TUR data used for training and testing was the smallest (only two months). At first, the sampling technique employed for data splitting into training and test set using traditional random sampling techniques (TRST) had resulted in very poor performances of ML models (Table 3). We then improved the models’ performances by applying a different sampling technique: the spatiotemporal block partition technique (SPBPT) sampling technique. The result was shown under the SPBPT column for each metric in Table 3 and Figure 5. The best performing algorithm using this technique was RF, with an R2 of 0.80, NSE of 0.80, MARE of 0.072, and RMSE of 7.82 NTU. The second-best performing algorithm was XGB, with an R2 of 0.79, NSE of 0.80, MARE of 0.076, and RMSE of 8.05 NTU. GB was third best, with an R2 of 0.77, NSE of 0.77, MARE of 0.085, and RMSE of 8.26 NTU. AB, SVM, and ANN all performed at lower accuracy in capturing the relationship between TUR and the remote sensing image, with ANN being the worst. RF and AB have the best fitting accuracy (R2 and NSE), and XGB has the lowest error (MARE). Thus, RF, AB or XGB could be used for TUR prediction.

4. Discussions

In this section, we first discussed the observed data in Table 1. Then, to validate the ML models’ applicability, we predicted monthly water quality parameters in 2017 and 2020. For Cla-a, 2020 was chosen, and for TDS and TUR, 2017 was selected. These years were selected to compare our predictions with previous studies by Dersseh et al. [15], Worqlul et al. [40], and Mucheye et al. [41]. In addition, we compared the prediction with the observed data in Table 1. The comparison is to check how the models capture the spatial and seasonal trends and order of magnitude.

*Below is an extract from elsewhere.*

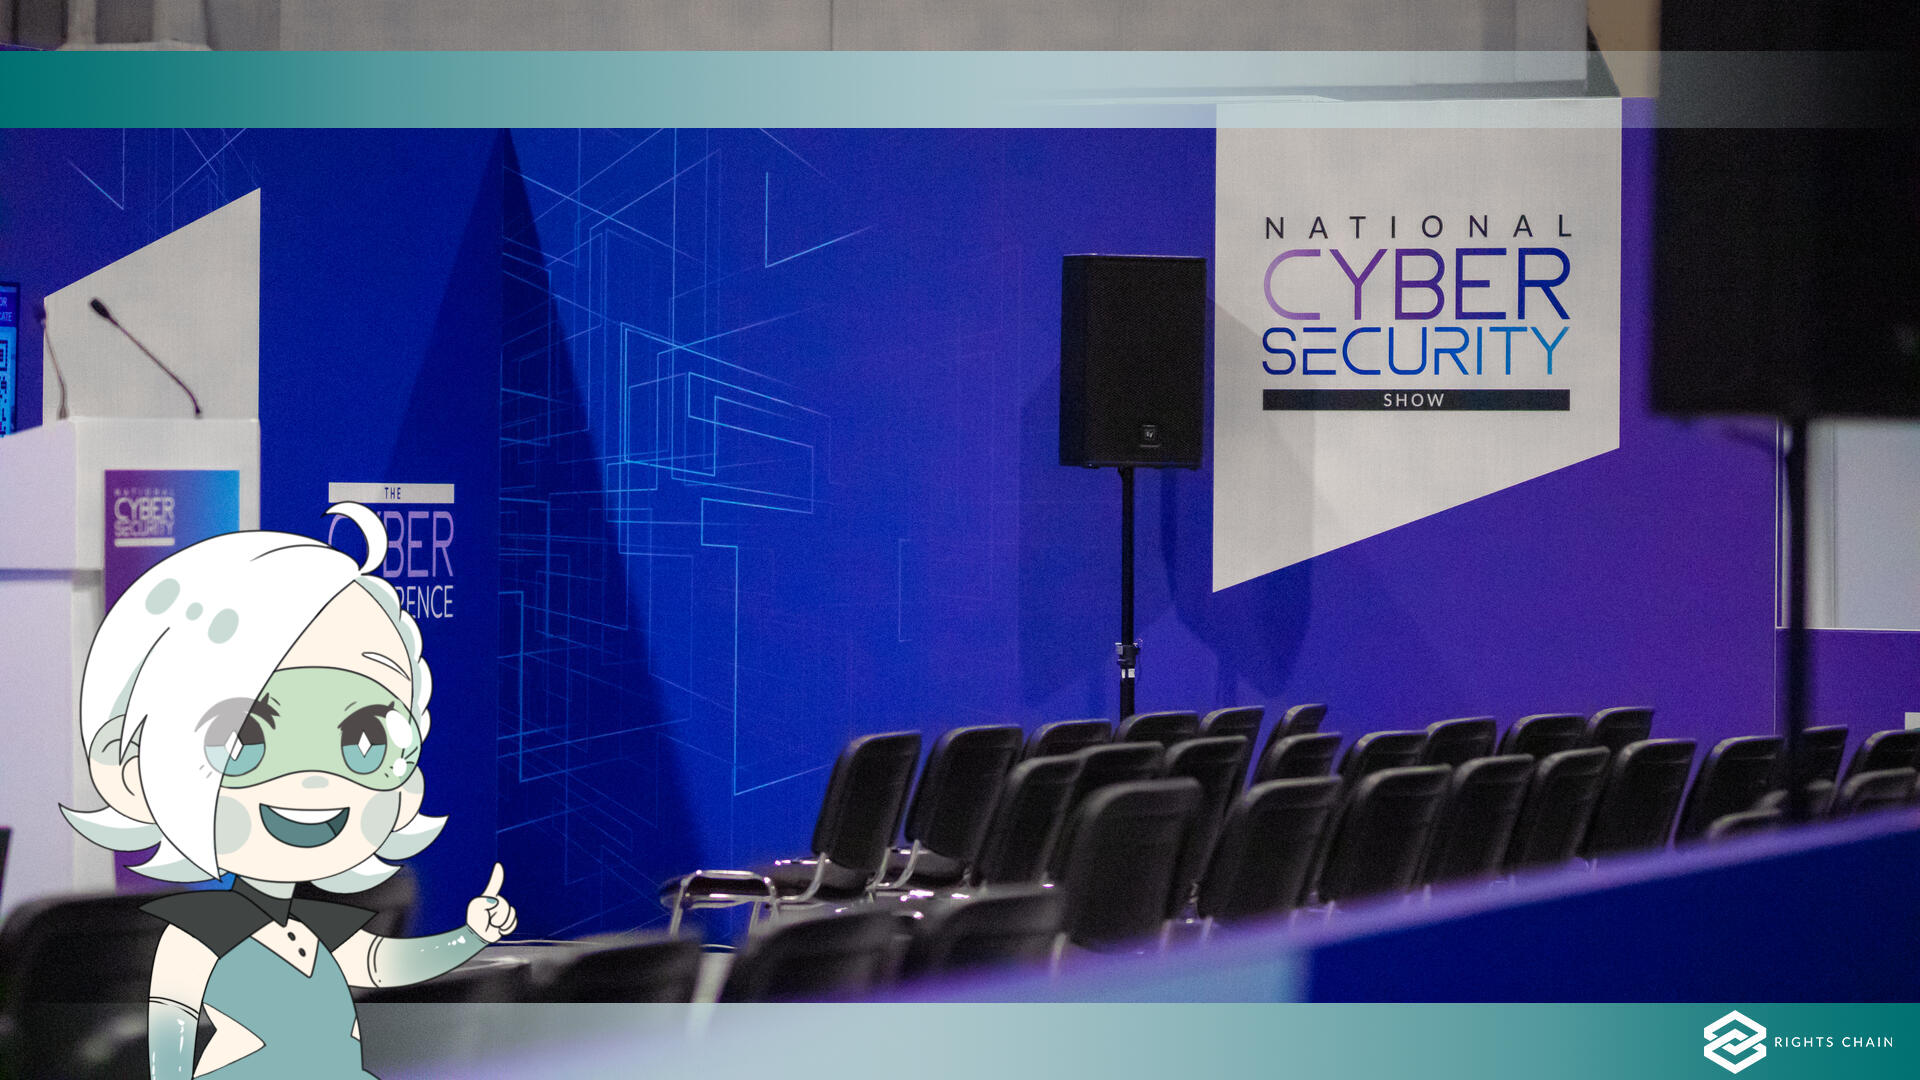 National Cyber Security Show Birmingham - La nostra esperienza.

4.1. Chl-a Distribution of Lake Tana

The mean Chl-a concentration of the lake from the observed data was below 20.6 µg/L in all years (Table 1). The most recent Chl-a concentrations were 7 µg/L in October, 2021, and 9 µg/L in April, 2022. These observed Chl-a were similar to measurements by Dersseh et al. [15] in order of magnitude; however, the observed Chl-a concentration in December, 2016 (17 µg/L) and March, 2017 (21 µg/L) were different from the measurements by Dersseh et al. [15] in 2019 and 2020.
This study used the best-trained and validated ML models XGB to retrieve Chl-a for the year 2020 from Landsat 8 OLI images. Based on the feature selection, the bands and band combinations used for the prediction were B1, B2, B10, CI, GNDVI_3, GNDVI_5, TWI_1, TWI_2, Laterite, H, IF, SRSWIR1/NIR, SRSWIR2/NIR, and FAI (Table 2). Figure 6 shows the monthly retrieved Chl-a distribution in Lake Tana. The results showed a high spatiotemporal variation of Chl-a concentration over Lake Tana in certain months. From March to June, the highest concentration predicted was in the western and central parts of the lake, possibly due to the effects of wind [10]. From observed data by Dersseh et al. [15], a similar spatial pattern of higher concentration in the west and lower concentration in the east was observed. From July to September, the predicted Chl-a concentration looks spatially uniform. This could have been due to the increased mixing of lake water during the rainy season, as suggested by Wondie et al. [42].
Temporally, for the year 2020, the maximum predicted Chl-a concentration was in February (58.5 µg/L), and the minimum predicted Chl-a concentration (4.2 µg/L) was in June (Figure 6). The range in the predicted Chl-a was smaller as opposed to the observed high range (Table 1). The range was smaller in the predicted Cla-a concentrations across the months in Lake Tana. Hence, it can be noticed that the XGB model under-predicted the maximum observed Chl-a concentration (191.6 µg/L) in December and March and over-predicted the minimum observed Chl-a concentration (0.05 µg/L) in August. These could be due to the outlier removal technique we applied to the model during training to improve the model’s accuracy. Predictions by Mucheye et al. [41] from sentinel indicated that the maximum Chl-a concentration was 40.0 µg/L by the end of August, and the minimum Chl-a concentration was 4.41 µg/L in June. The highest predicted spatial coverage of Chl-a concentration from observation was after the rainy season and not during the main rainy period [42]. Therefore, our predictions of Chl-a concentration appear to be more accurate than those of Mucheye et al. [41], who predicted the highest Chl-a coverage during the rainy period.
In general, Lake Tana underwent major water quality changes over time. Accurate predictions help decisionmakers to understand the full extent of water quality degradation in the lake. For example, since 2003, the average spatial Chl-a concentration has increased from 4.8 µg/L, according to Wondie et al. [42], to 32.7 µg/L in 2020. Thus, there has been an eight-fold increase in Chl-a within just two decades.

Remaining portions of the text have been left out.